* SUPPLIED DATA
**********

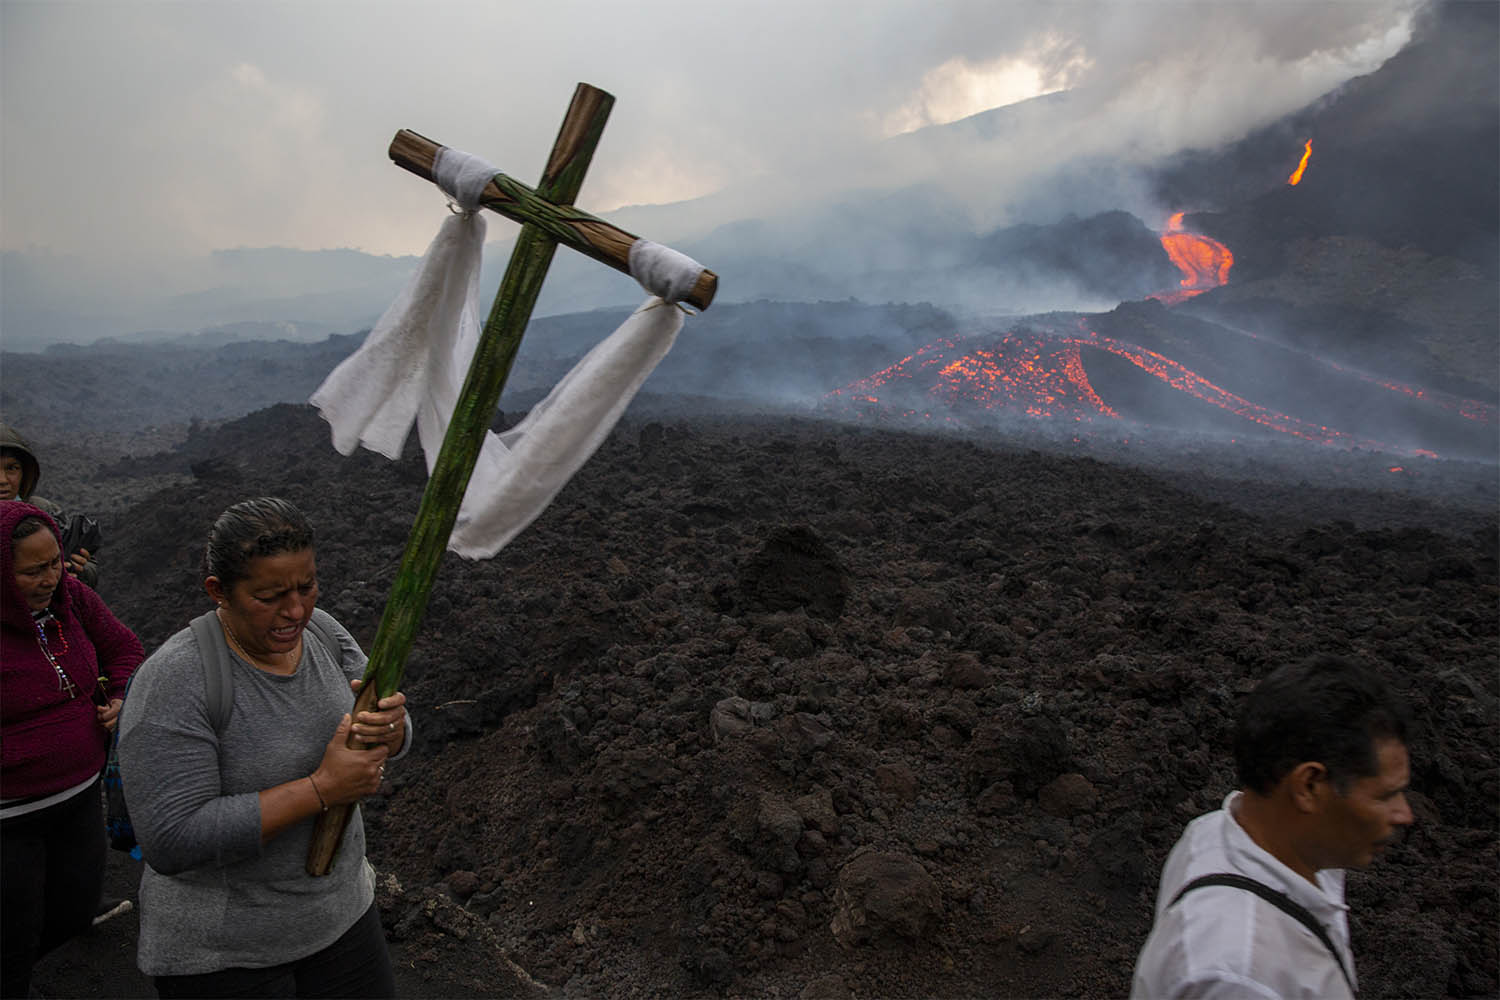 אישה נושאת צלב במהלך עלייה לרגל לתפילה להפסקת פעילותו של הר הגעש פאקאיה, בסן ויסנטה פאקאיה, גואטמלה. הר הגעש, 50 קילומטרים מדרום לבירת גואטמלה, הפך לפעיל בתחילת השנה. 5 במאי 2021 (צילום: AP Photo/Moises Castillo)
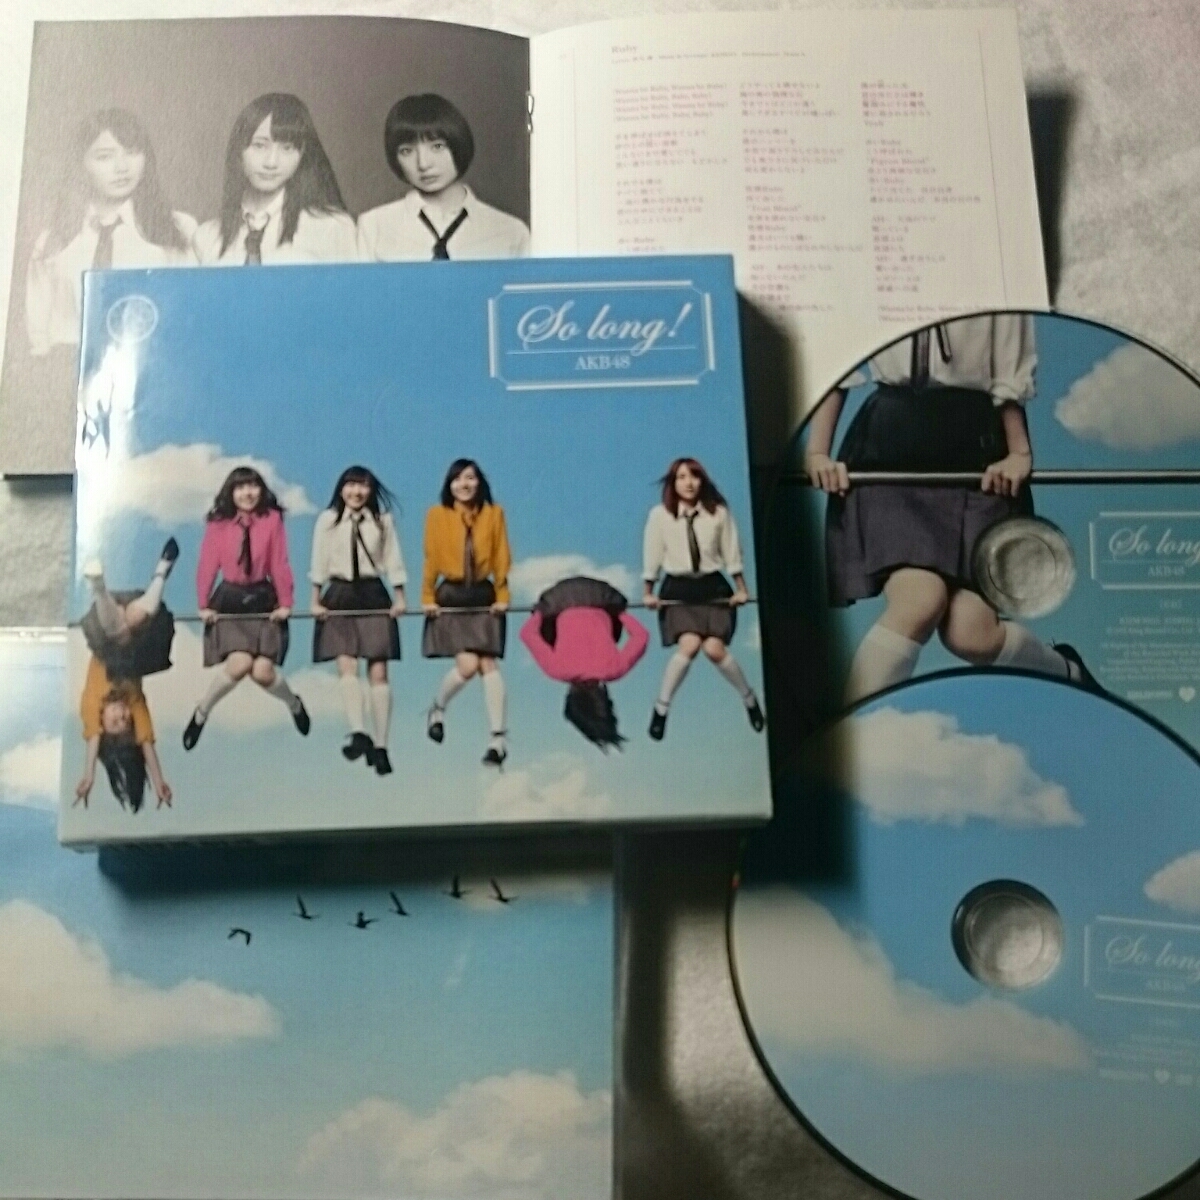 【10点以上の落札で2割引！】(T-3)AKB48/So long/CD+DVD_画像2
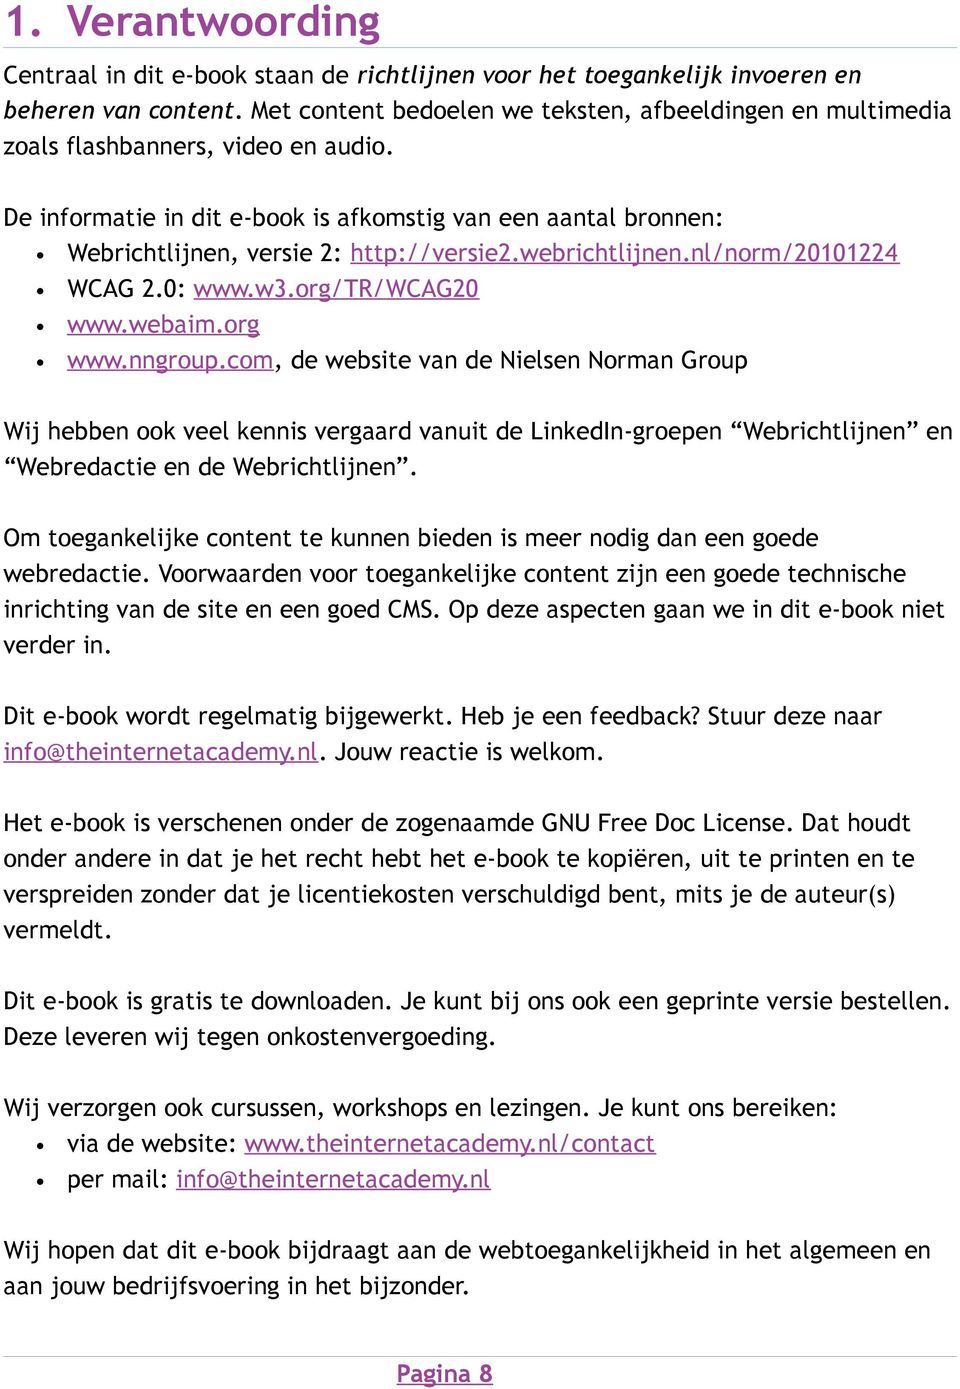 De informatie in dit e-book is afkomstig van een aantal bronnen: Webrichtlijnen, versie 2: http://versie2.webrichtlijnen.nl/norm/20101224 WCAG 2.0: www.w3.org/tr/wcag20 www.webaim.org www.nngroup.

**********

* WHAT THE EXERCISE ASKS
The material above is to be output exactly, with each picture left out.

* TASK RESULT
 אישה נושאת צלב במהלך עלייה לרגל לתפילה להפסקת פעילותו של הר הגעש פאקאיה, בסן ויסנטה פאקאיה, גואטמלה. הר הגעש, 50 קילומטרים מדרום לבירת גואטמלה, הפך לפעיל בתחילת השנה. 5 במאי 2021 (צילום: AP Photo/Moises Castillo)
 【10点以上の落札で2割引！】(T-3)AKB48/So long/CD+DVD_画像2
 De informatie in dit e-book is afkomstig van een aantal bronnen: Webrichtlijnen, versie 2: http://versie2.webrichtlijnen.nl/norm/20101224 WCAG 2.0: www.w3.org/tr/wcag20 www.webaim.org www.nngroup.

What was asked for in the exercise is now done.